Exercise requirements >>
Your answer must match, word for word, the lines from the one holding "#beacontattoosupply #tattooartist #tattooartists" through the final line below, with pictures excluded.

Recorded data >>
========

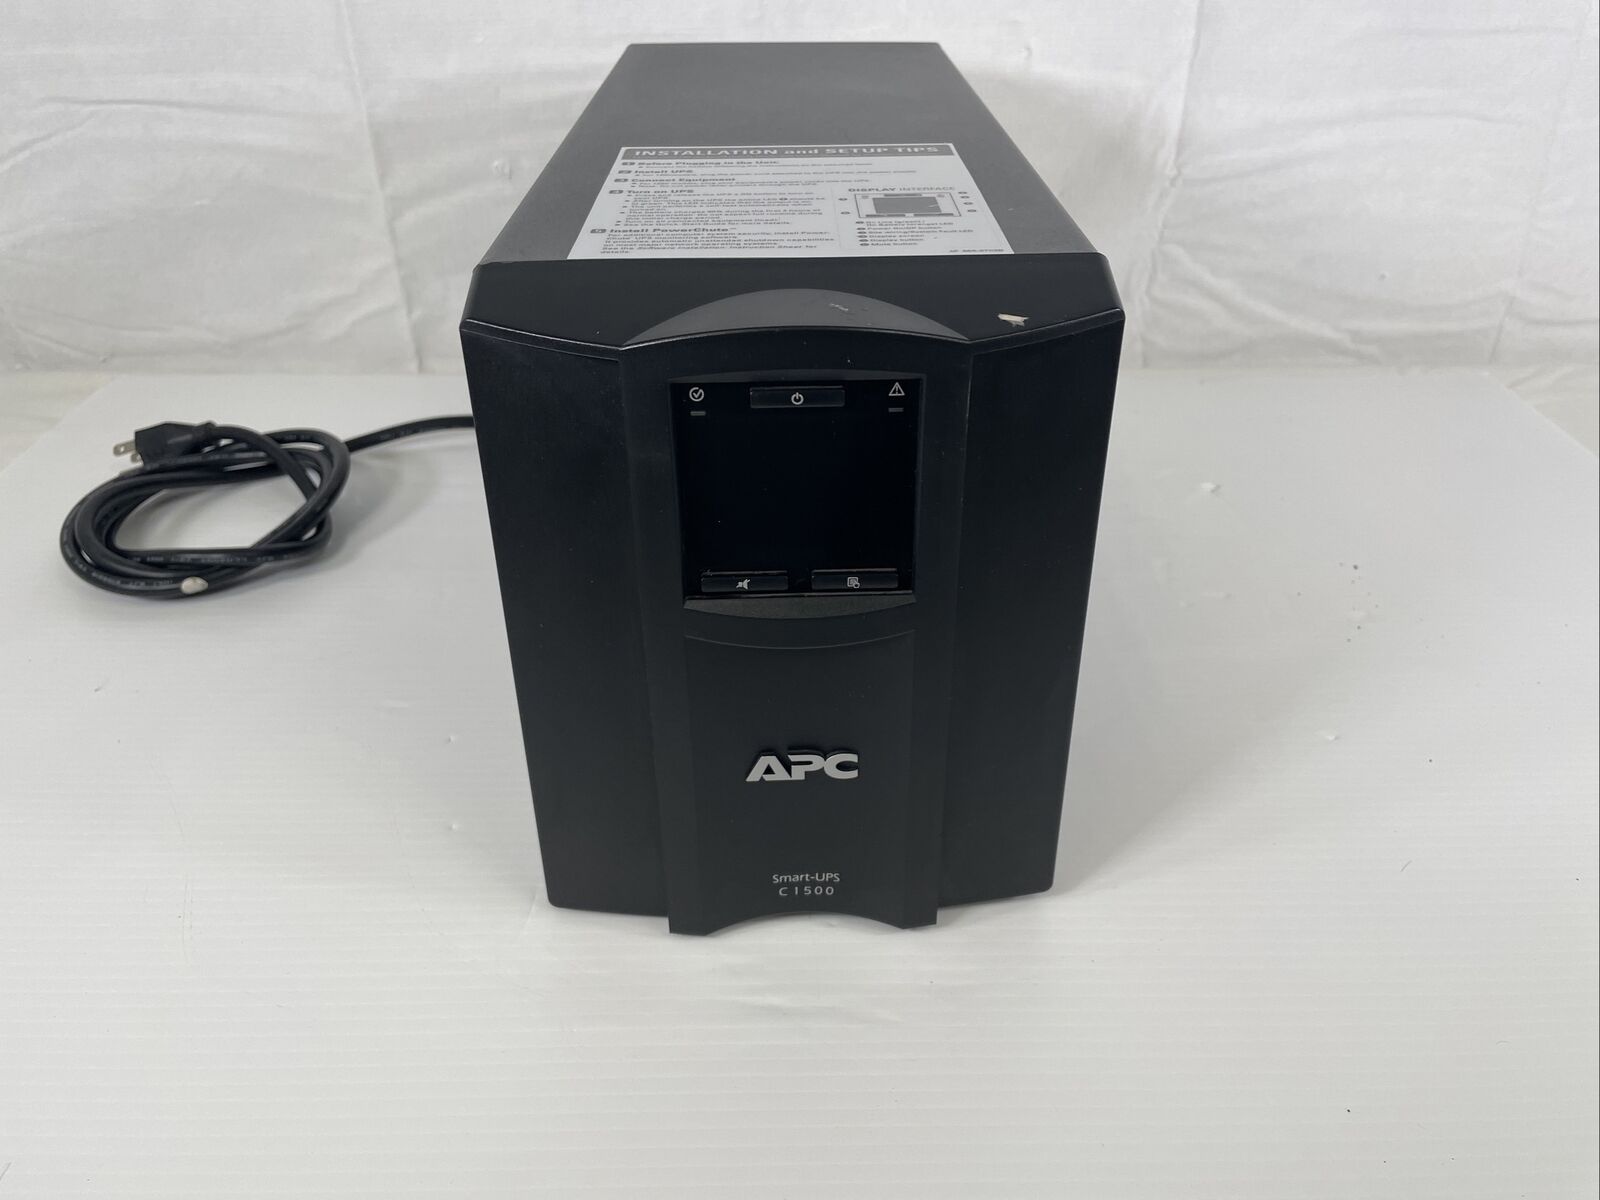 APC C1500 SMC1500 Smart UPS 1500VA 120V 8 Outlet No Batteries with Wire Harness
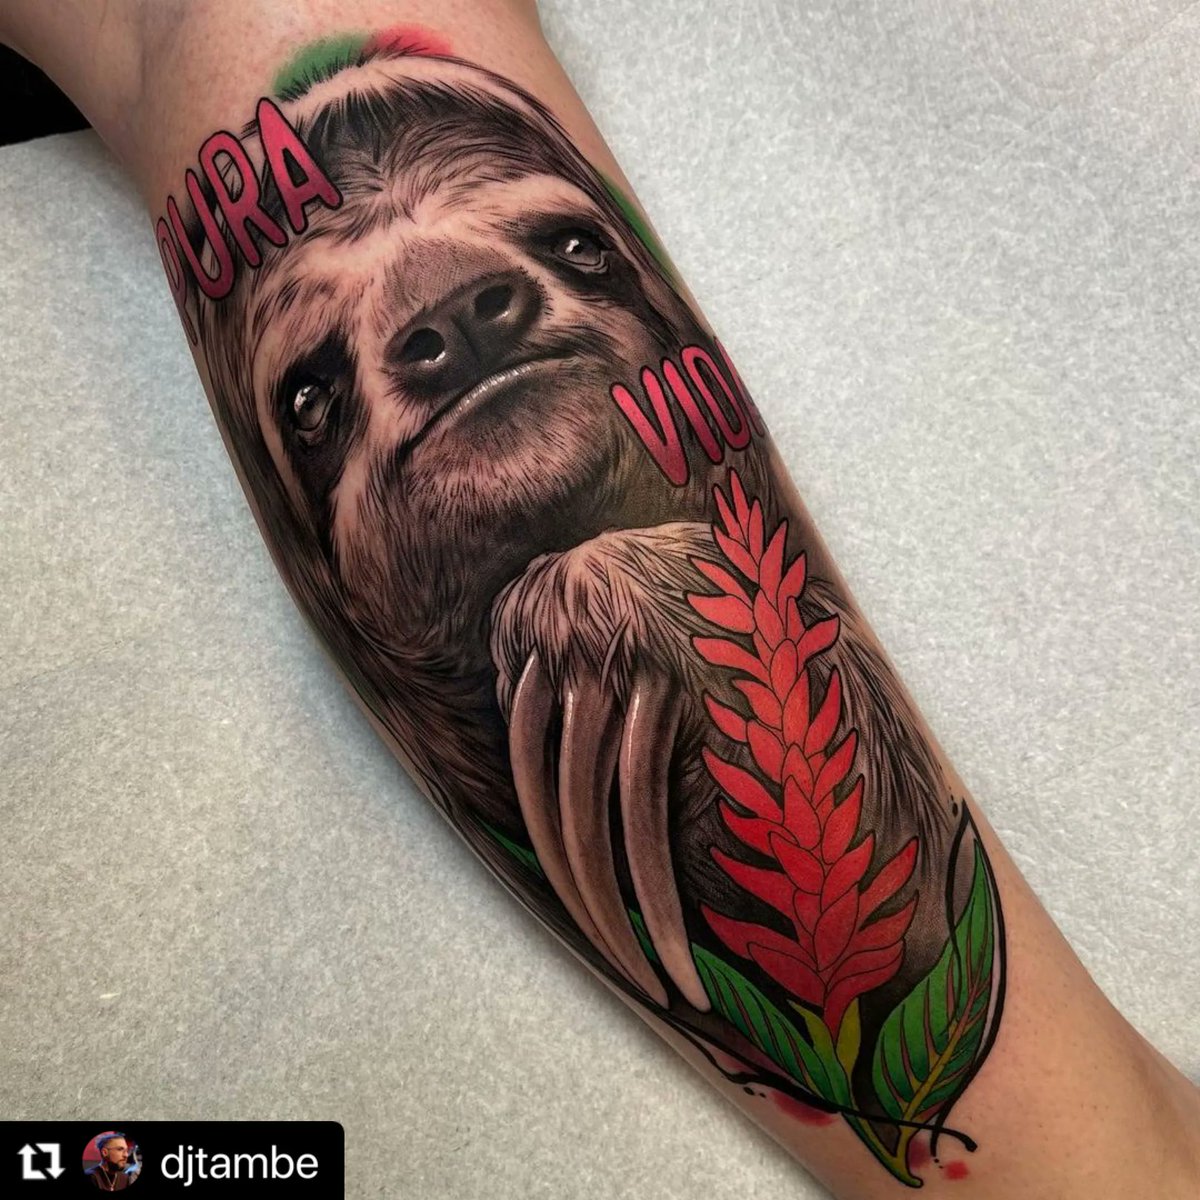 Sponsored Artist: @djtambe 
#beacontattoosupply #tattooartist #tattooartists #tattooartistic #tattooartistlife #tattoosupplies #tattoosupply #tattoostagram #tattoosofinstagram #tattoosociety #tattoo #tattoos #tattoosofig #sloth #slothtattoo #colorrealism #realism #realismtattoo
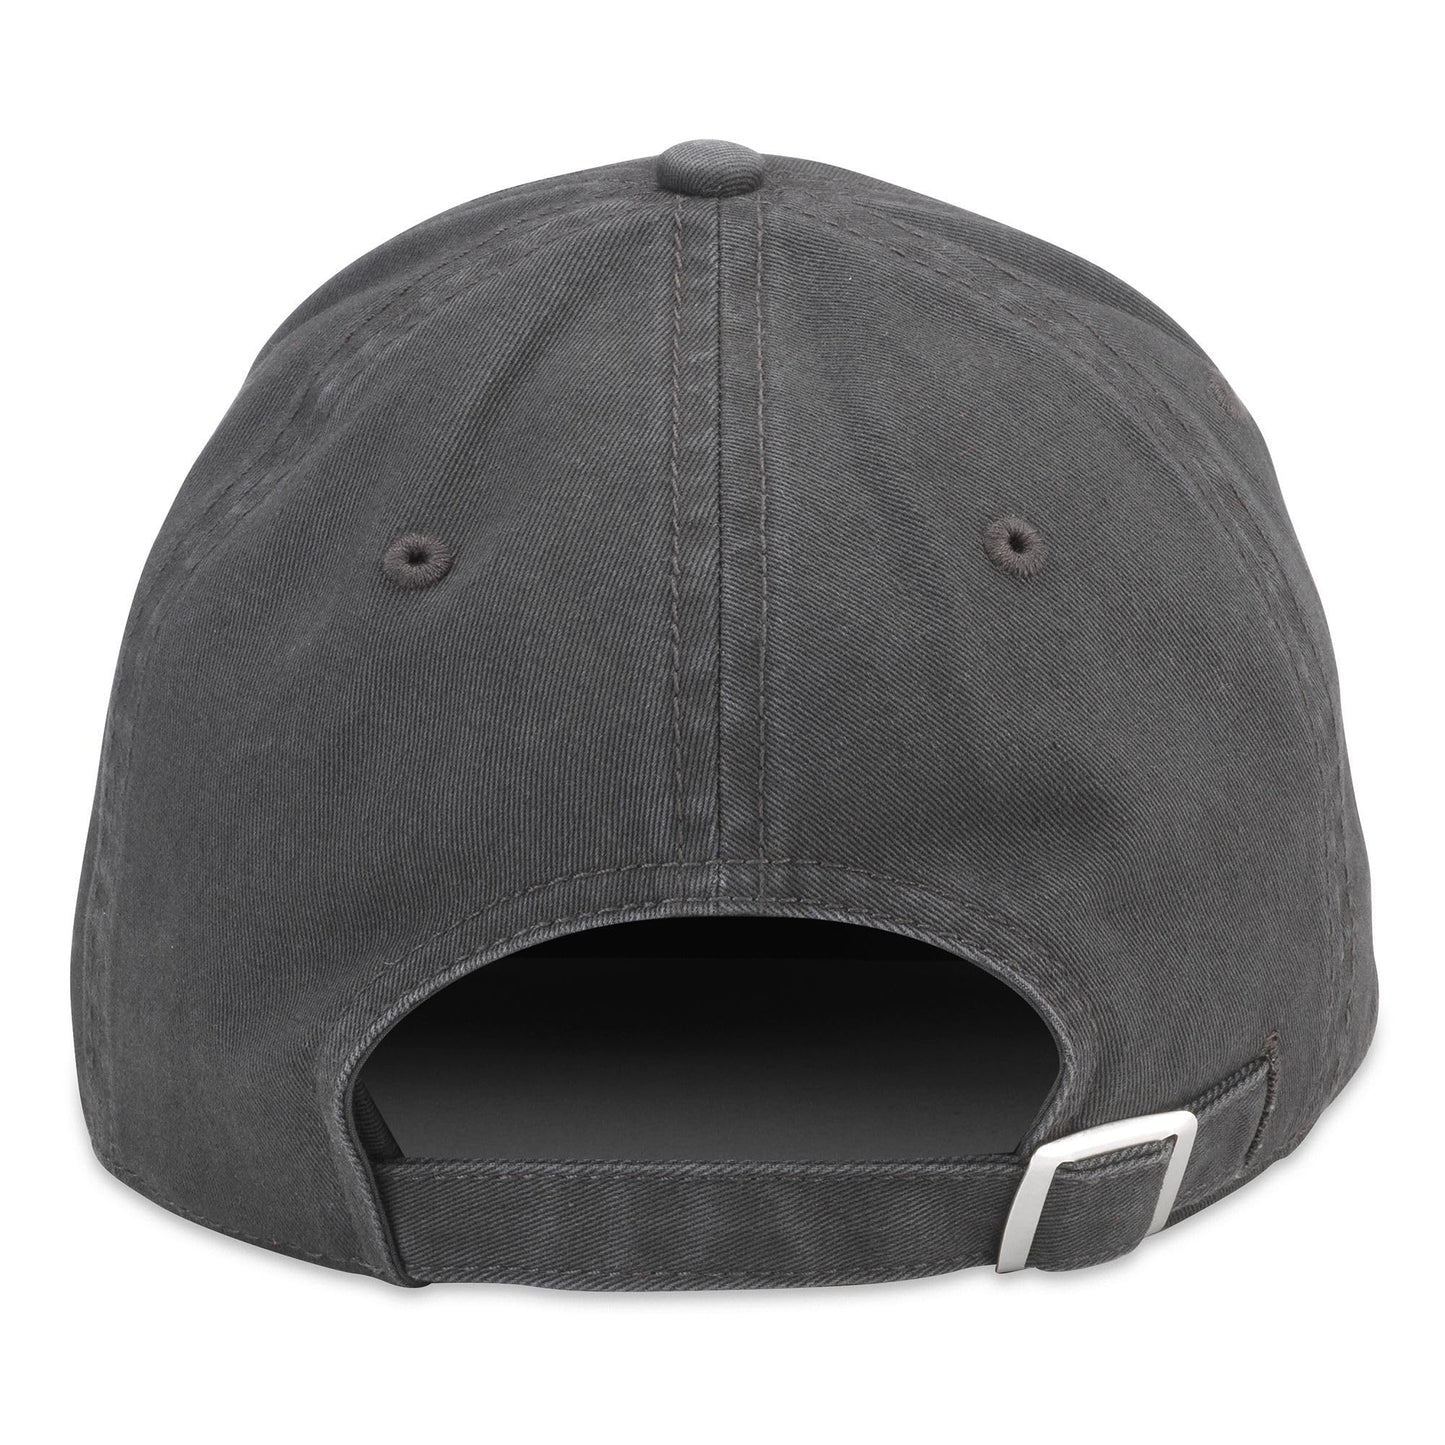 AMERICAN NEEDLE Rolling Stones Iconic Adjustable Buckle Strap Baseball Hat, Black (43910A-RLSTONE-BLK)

========

Completed task >>
#beacontattoosupply #tattooartist #tattooartists #tattooartistic #tattooartistlife #tattoosupplies #tattoosupply #tattoostagram #tattoosofinstagram #tattoosociety #tattoo #tattoos #tattoosofig #sloth #slothtattoo #colorrealism #realism #realismtattoo
 AMERICAN NEEDLE Rolling Stones Iconic Adjustable Buckle Strap Baseball Hat, Black (43910A-RLSTONE-BLK)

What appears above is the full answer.